Emin, only the second solo female artist ever to have been selected for the position in the history of the Biennale, will produce a new work for the British Pavilion for the show.

"I'm thrilled. It's a great honour and a fantastic challenge. I'm very much looking forward to it," she said.

The 52nd Venice Biennale, a major international contemporary art exhibition that takes place in Italy once every two years, opens in June 2007 until November. The British Council, which commissioned Emin for the exhibition, commended the "quality and strength of her work at the moment".

Andrea Rose, the British Council's director of visual arts, said Emin's work had evolved from her days with the Young British Artists of the 1990s, including the likes of Damien Hirst, whose conceptual work often raised controversy in its ability to shock.

Ms Rose added that it was her "story-telling" skills and her "extraordinary ability to scratch away the surfaces to what lies below" rather than her celebrity status that had led the advisory panel to make their decision last week. "This is a great moment to see her work in the context of the Venice Biennale, shown in an international context and at a distance from the YBA generation with which she came to prominence.

"Her work is very British, in the sense that she's focused on content and narrative as opposed to being too overtly bothered by style, and she has a very distinctive voice," she said. Ms Rose said Emin's work reached "just below good taste".

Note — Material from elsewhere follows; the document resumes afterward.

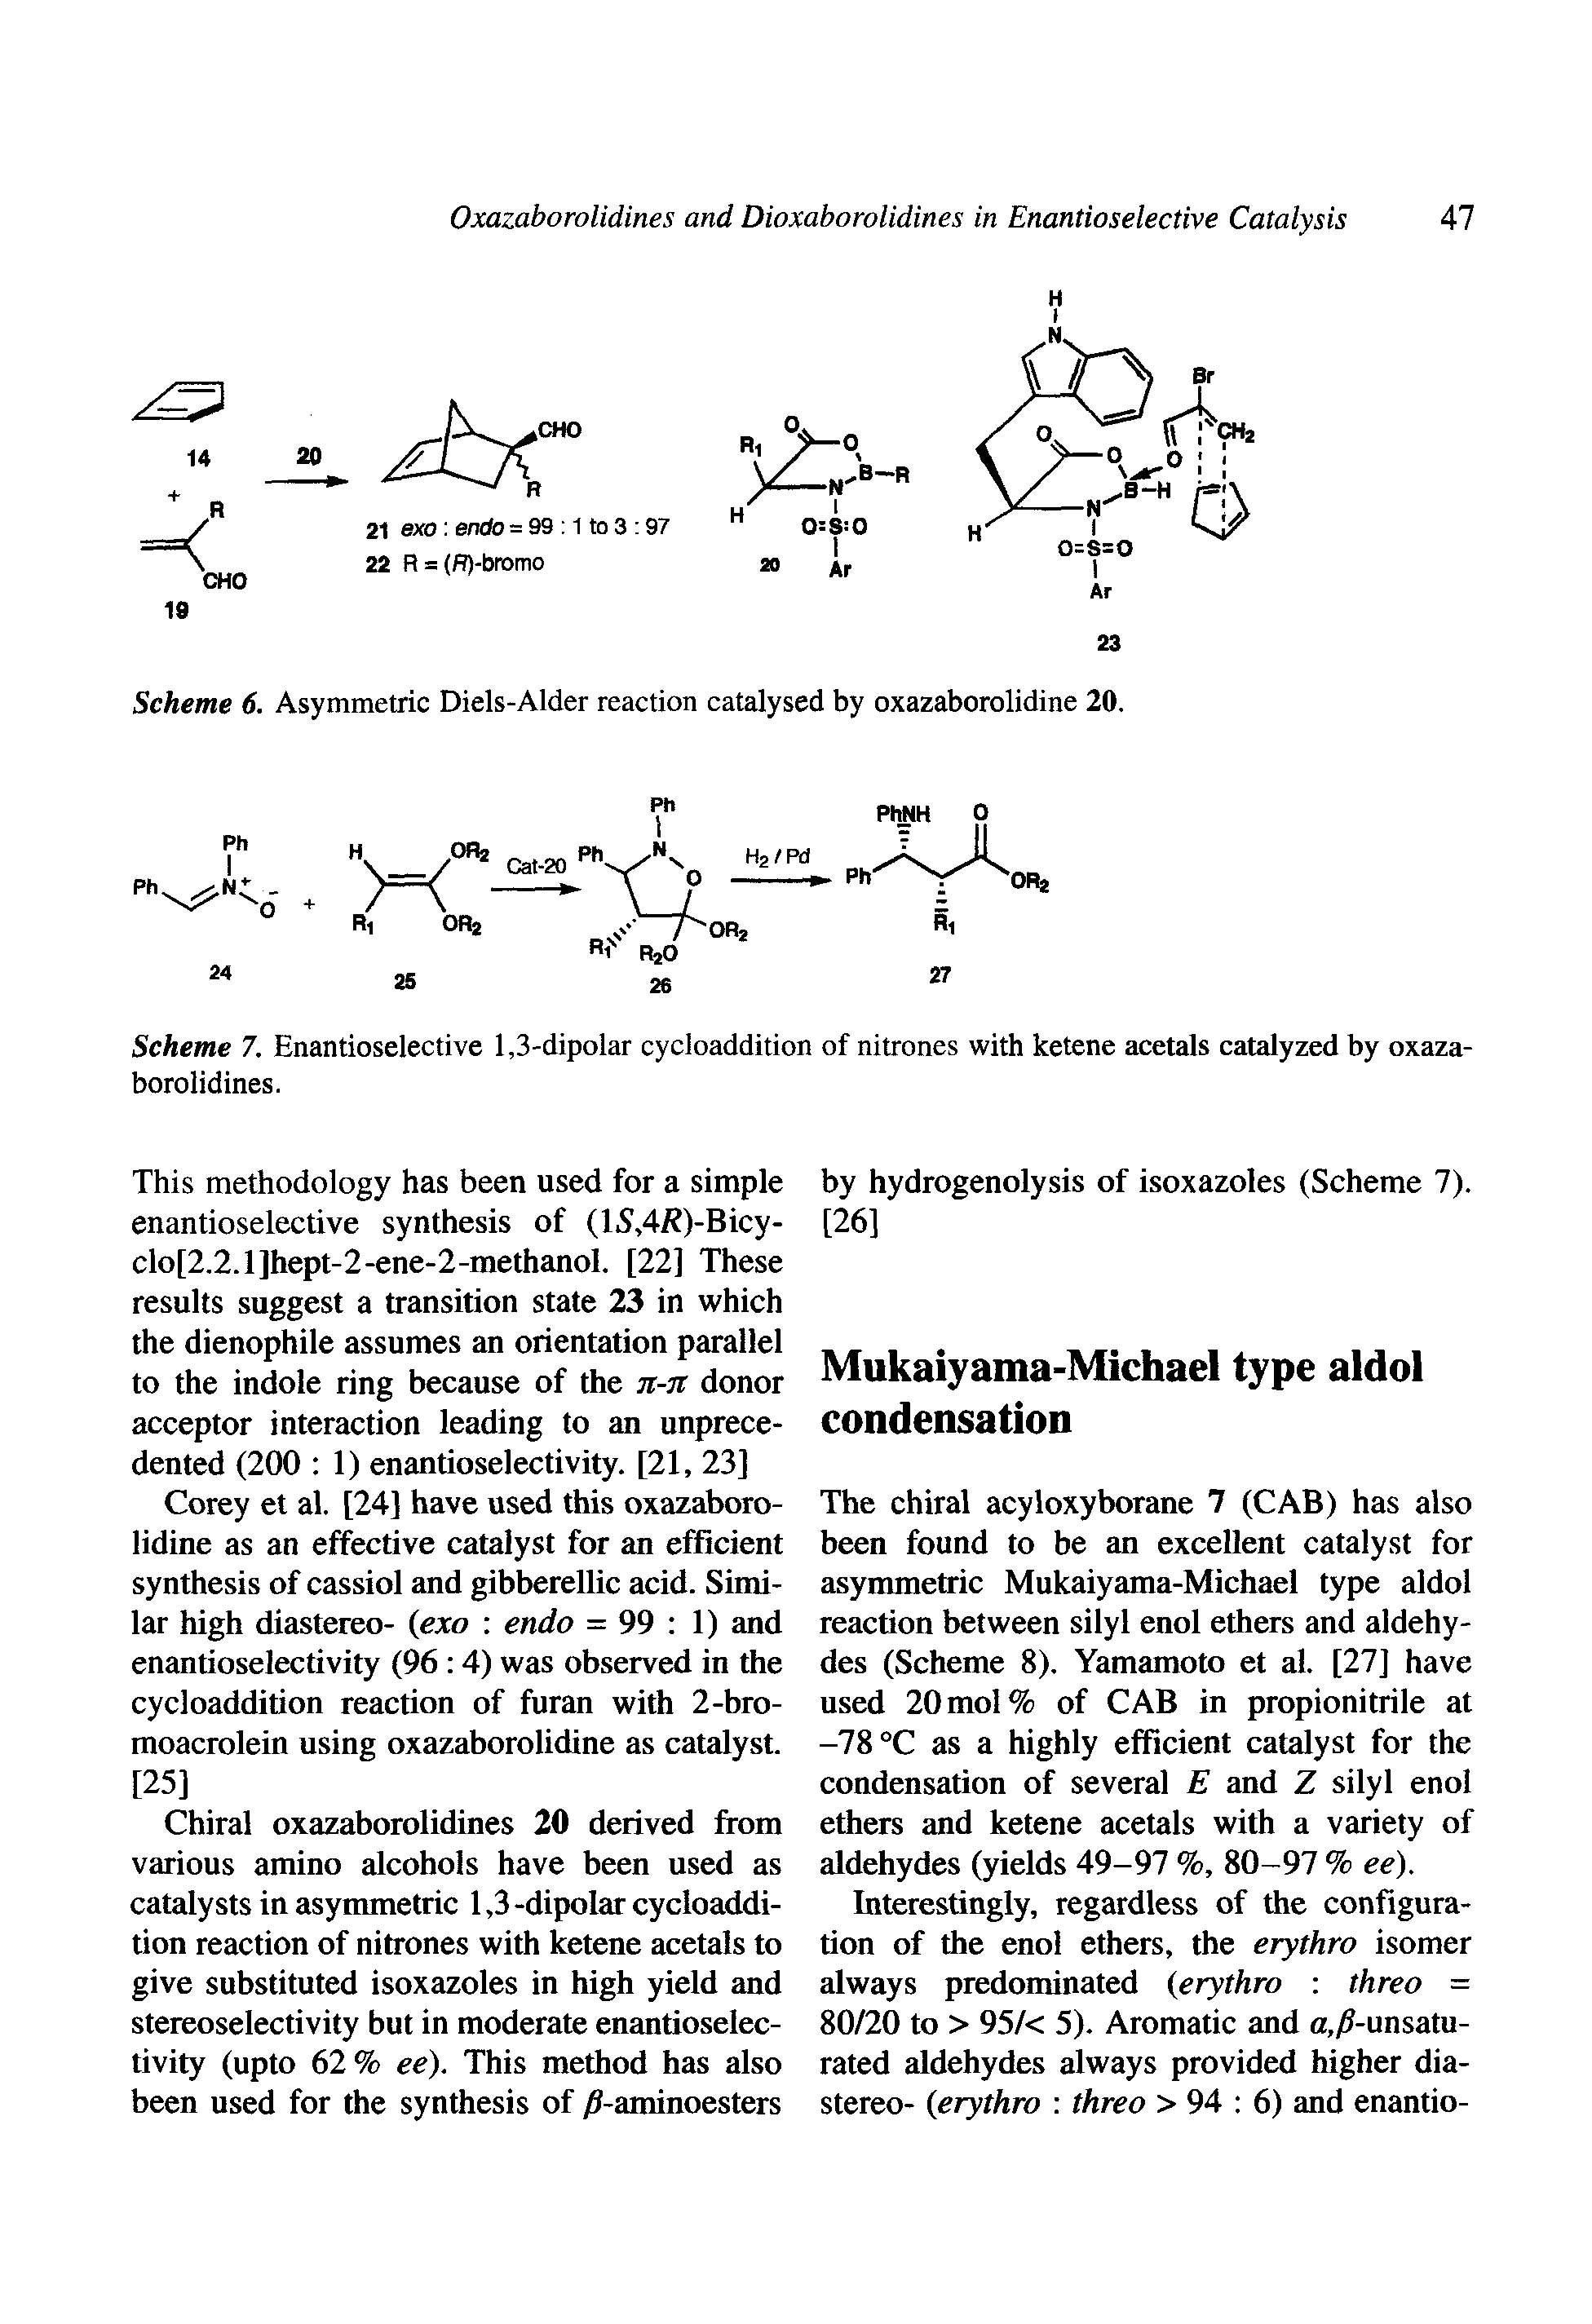 Scheme 6. Asymmetric Diels-Alder reaction catalysed by oxazaborolidine 20.
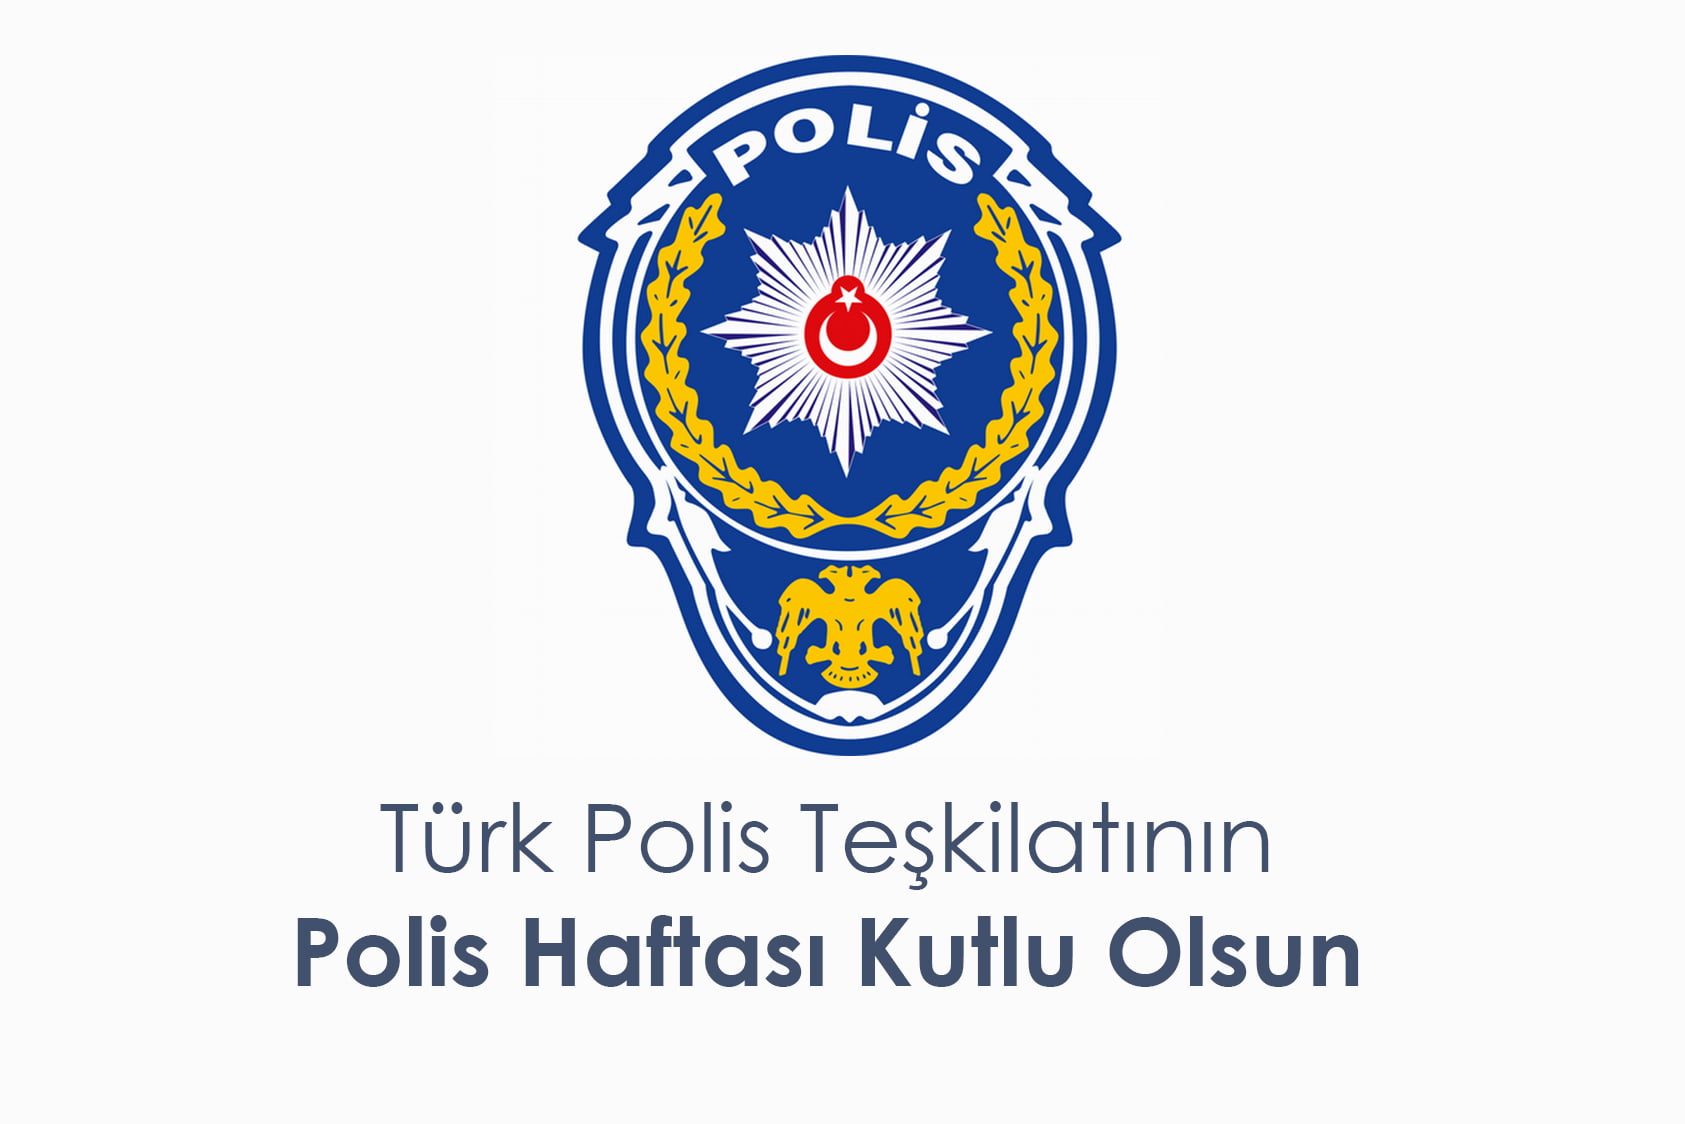 Türk Polis Teşkilatı 174 Yaşında

"A good artist is to a degree abandoned and really true to themselves which is what Tracey Emin is. Good taste eviscerates good art, it keeps things in check and under control," she added.

Born in London in 1963, Emin draws on her autobiographical experiences with sometimes shocking intimacy.

Her most famous work remains her Turner-nominated work, My Bed, which was shown at the Tate Gallery in 1999. It consisted of her own unmade bed with the sheets thrown back, littered with condoms and underwear.

But other pieces are just as intimate, such as Everyone I have Ever Slept With 1963-95, a tent with the names of all her sexual partners sewn into it, and CV Cunt Vernacular, a film in which Emin narrates her story from her childhood in Margate.

She has used media ranging from needlework, videos and photography to drawings and paintings - which formed the main body of her acclaimed exhibition, When I think about Sex, at the White Cube Gallery in east London last year.

The last artists to represent Britain at the Biennale were Gilbert and George in 2005. The only other female artist to have been selected was Rachel Whiteread in 1997.